Yeah, no, I mean, you don't have to have, like,
talking boards and some dumb shit like that.
Just be yourself, and yourself should want to overthrow the social order and create a new world.
Because that's literally the only thing that's going to save us.
That's true.
Look, I can't cut it any other way.
I mean, like, we can have disagreements about incrementalism and...
Tactics and organizations and whatever.
But at the end of the day, the writing on the wall is that the um the world is in a death
spiral for multiple reasons and the only way to save it is a revolutionary intervention from the
left and we've got a we have to build up the sort of philosophical, intellectual, but also material bulwarks
for how we see that come to fruition.
And it's going to take a little bit of time.
So, you know, just...
The left basically has to become Kentucky.
What I mean by that is Kentucky was sort of a bulwark
against, you know, the Great War of Yankee
aggression. Protecting our southern values. Sort of the first line of defense. That's
a horrible. The analogy Tom is drawing here is that the left is like the Confederacy.
No, no, no. Yeah. Maybe let me reverse that a little bit.
If the Confederacy were good, that's what the left would be.
God damn it.
Oh, fuck.
Well, anyways, you know.
How do you follow that, really?
Strike that from the minutes that was really bad um but seriously um
you know just go listen to the last episode
it's early um we're tired we had a really long week. We've been busting ass. And, you know, just like I said, it's not insignificant to want to change things and sort of overthrow the social order.

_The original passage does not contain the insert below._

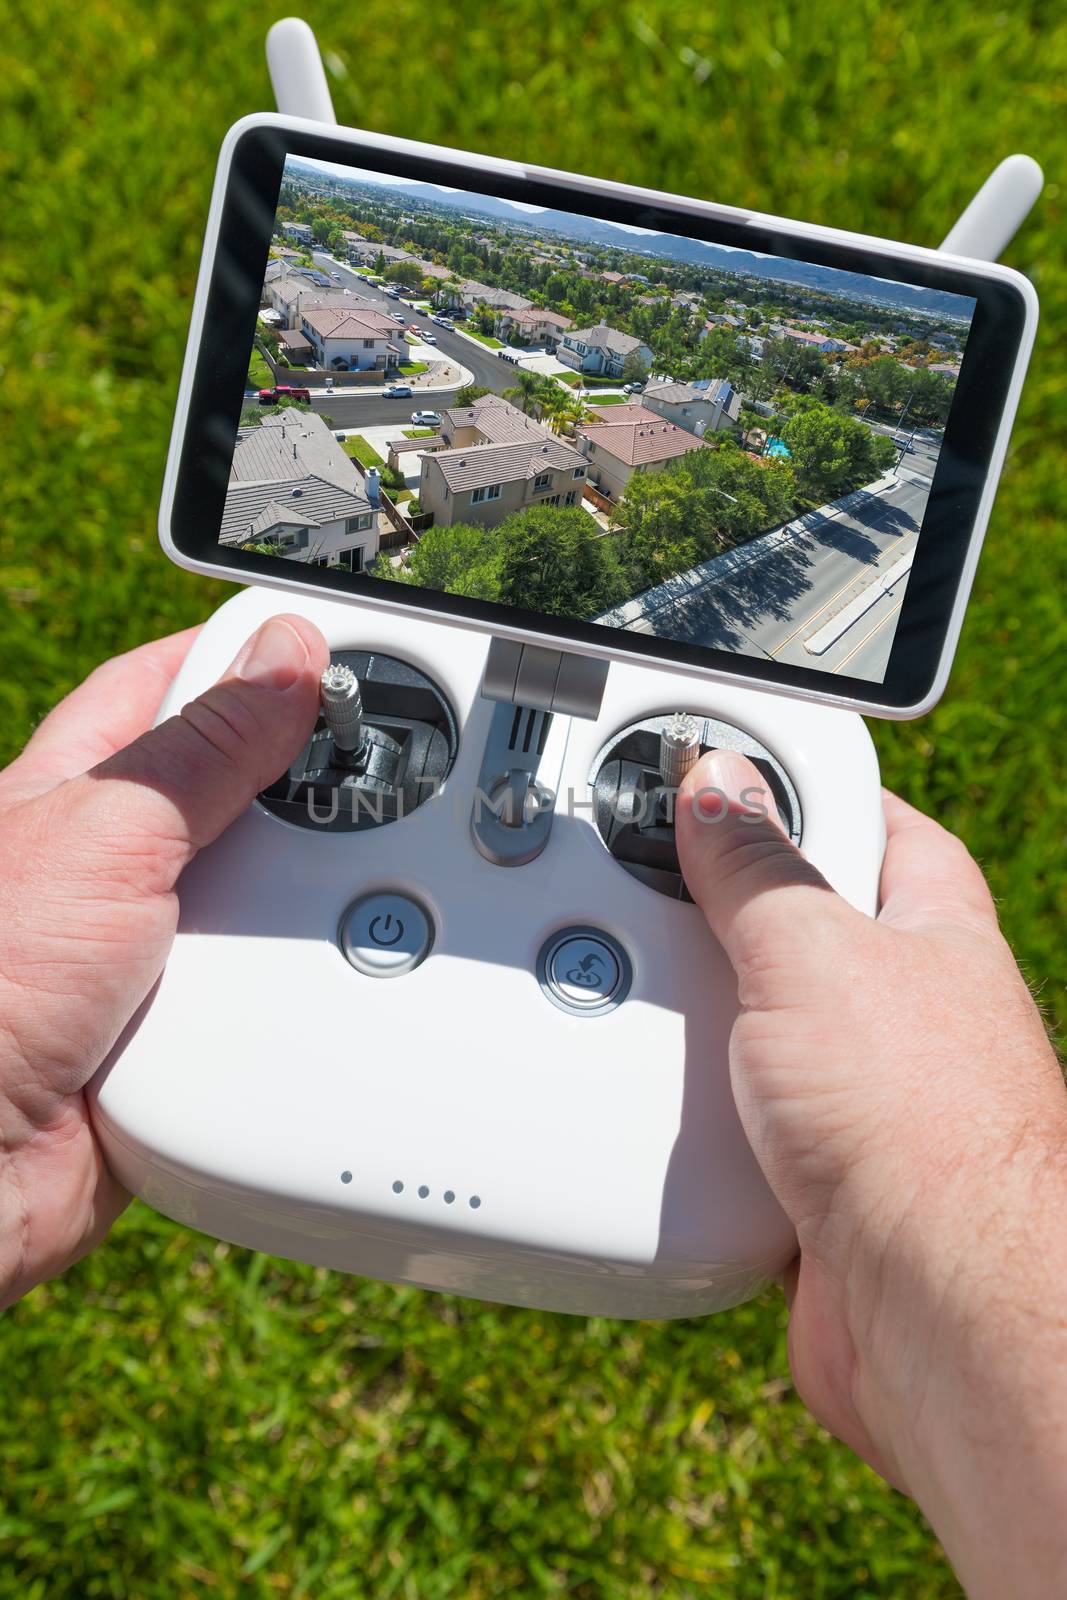 Hands Holding Drone Quadcopter Controller With Residential Homes on Screen. by Feverpitched

And you should be proud of that.
Yeah.
You should be proud of that because it's like it's really crazy when you think.
I mean, I think about it all the time.
I think about all the stupid shit I thought and believed in my early 20s and, like, even incredibly racist, sexist, white supremacist stuff.
You know what I mean?
Like, all kinds of stuff.
And I think about it.
I'm like, damn, I have done such an excellent job of becoming a better person.
Listen, if you found your way to the left.
I'm just kidding.
But, I mean, seriously, though, if you found your way to the left from the various starting points and i mean i was talking i was talking to max alvarez the other
day and he was like yeah i was a full-blown conservative not too long ago you know it's
like that that is that's not insignificant you know so yeah well and and the i guess another
point i'm trying to make is like trust your instincts, trust your political analysis.
And,
um,
you know,
there's a reason why you feel the way you do.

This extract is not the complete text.